The district has taken some action related to DEI in the past year, Sinnette said, such as forming an alumni community mentorship program that focuses on the issue, engaging in a DEI student and staff book club at LCHS, professional development at all levels and efforts to engage with a more diverse applicant pool to fill open staff positions.
Hale-Elliott told the board that she hopes to continue helping the district, even if it is looking for somebody else to fill a permanent position to take the lead during the process.
“I think there are so many things unique to this work that it’s really worthwhile to have somebody with the background and expertise and who will be a visionary, to whom there can be follow-ups around and accountability for the work,” she said.
During the nearly two-hour discussion, Sinnette read a lengthy proclamation stating that she stands for all stakeholders within the district, especially the children.
“I don’t stand for, as your superintendent, publicly charged divisiveness, unreasonableness and disrespect,” she said. “I don’t stand for intolerance or racism.
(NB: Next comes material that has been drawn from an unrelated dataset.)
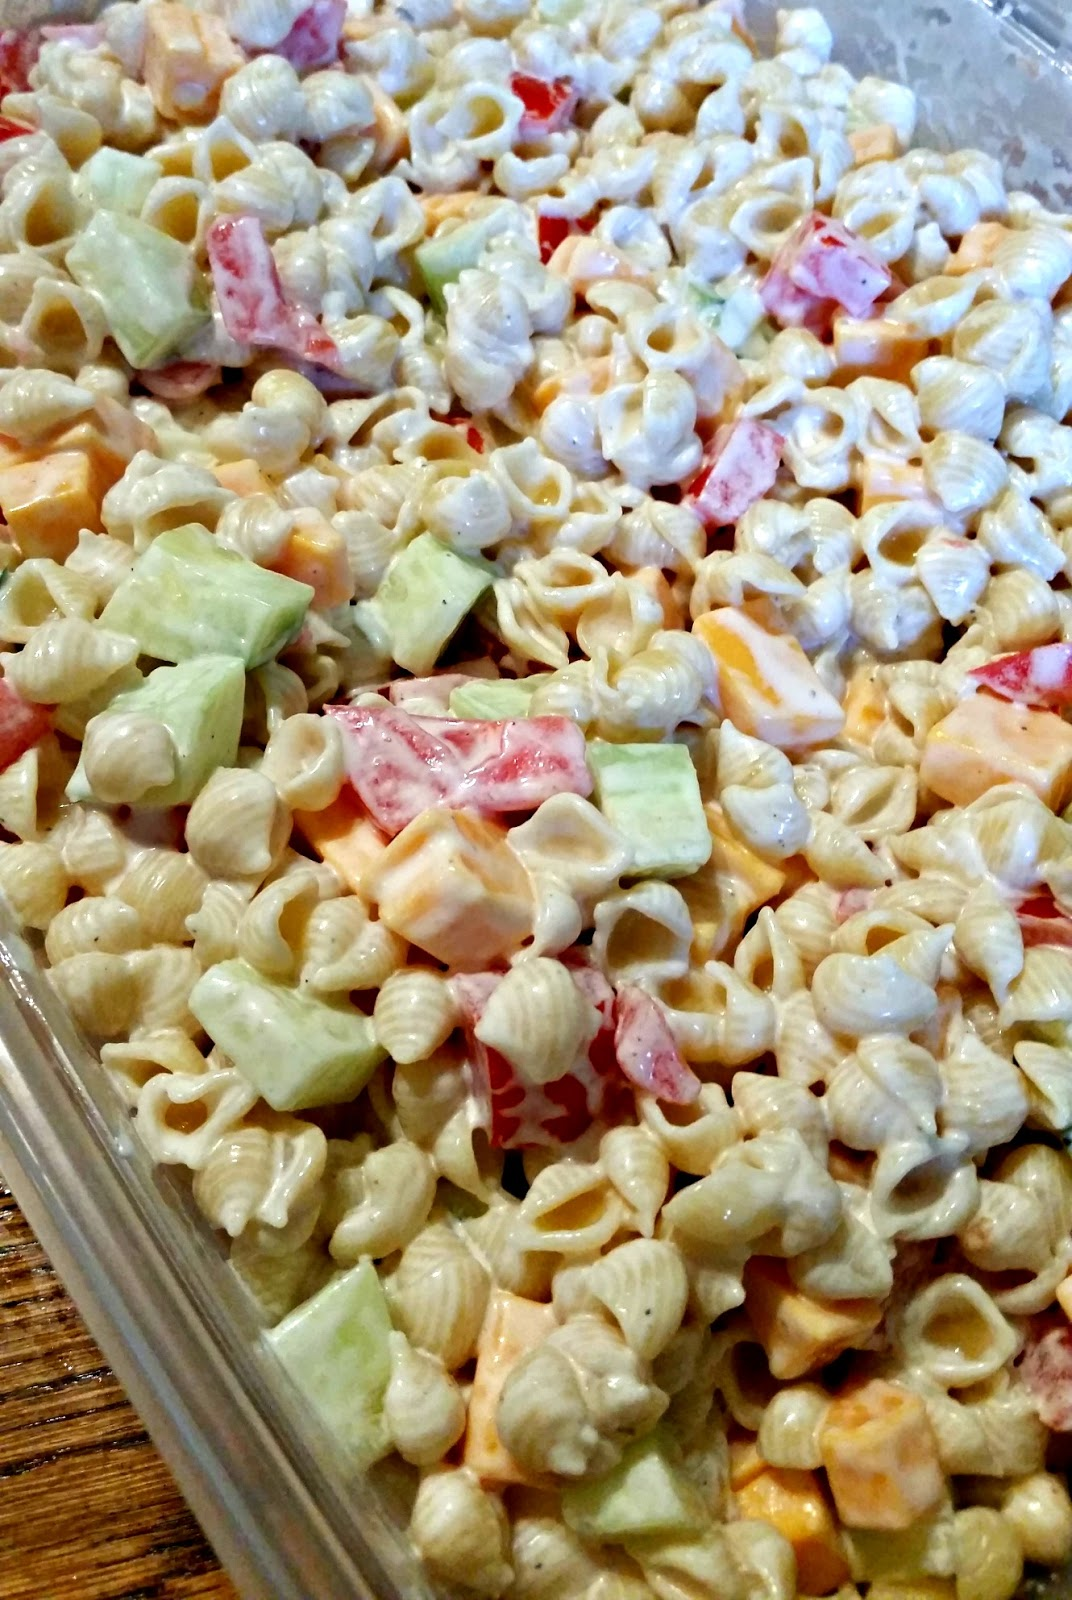 FoodThoughtsOfaChefWannabe: My mom's Macaroni Salad.....kinda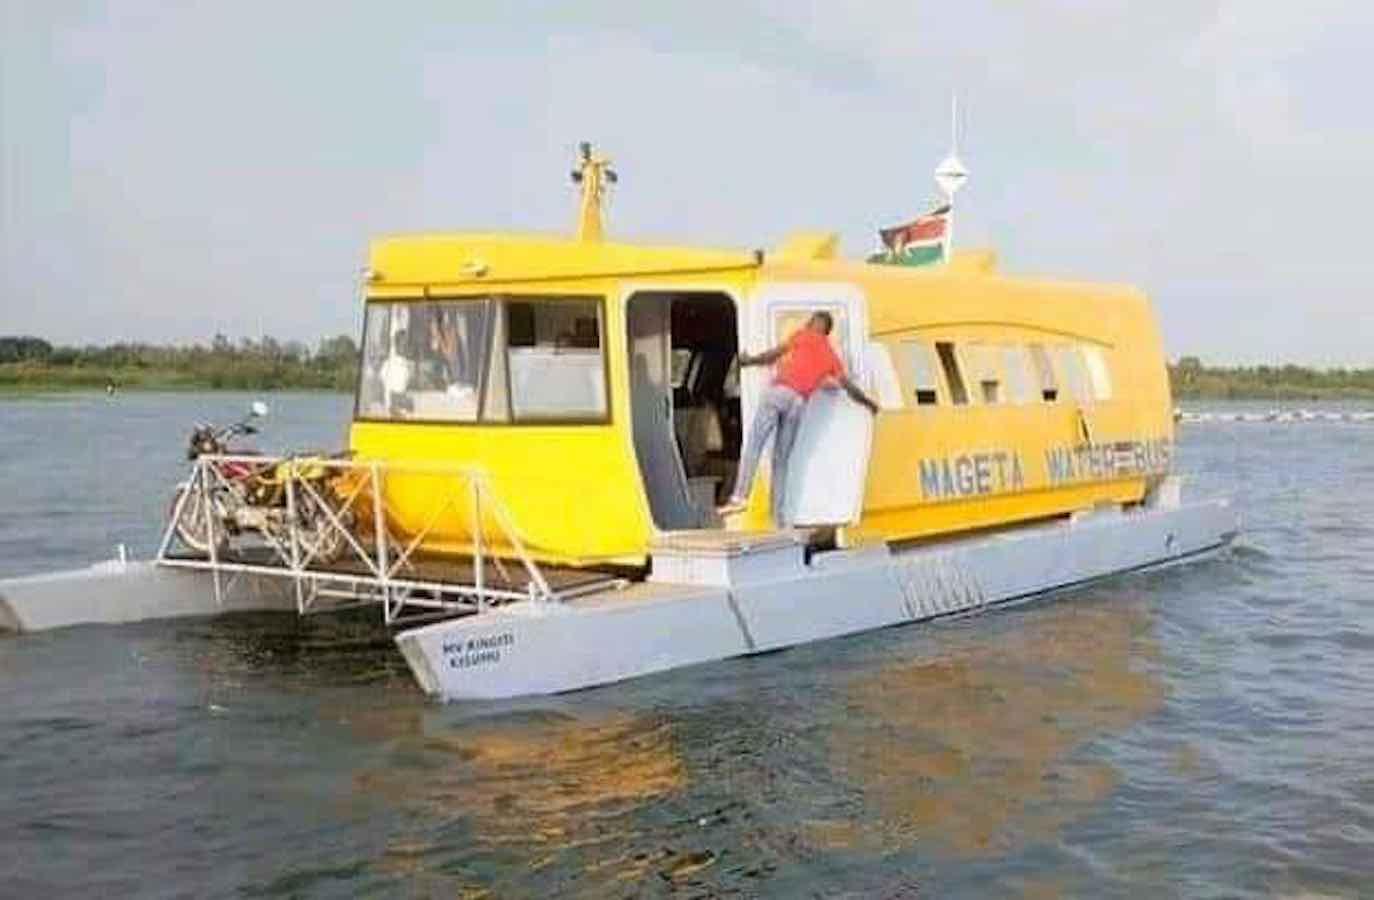 Water boat aka ferry capsizes in Lake Victoria

I don’t believe in entitlement or hysteria, and I will not condone mean-spiritedness or fear. The DEI initiative that I commit to assigning as one of my goals will foster a climate of care and a climate of continuous improvement.
“I am not African American, I am not ‘LatinX,’ I’m not a Korean American, not a Chinese American, but I am an ally. I am an ally to the LGBTQ+ community. I am a 58-year-old white woman, but I have been discriminated against as a woman. But I’m here for you to do the work, and we will do it well and we will do it as a community. And if that is what the board wants to commit to, then I can ensure you that the work will get done, and it will get done in the right way.”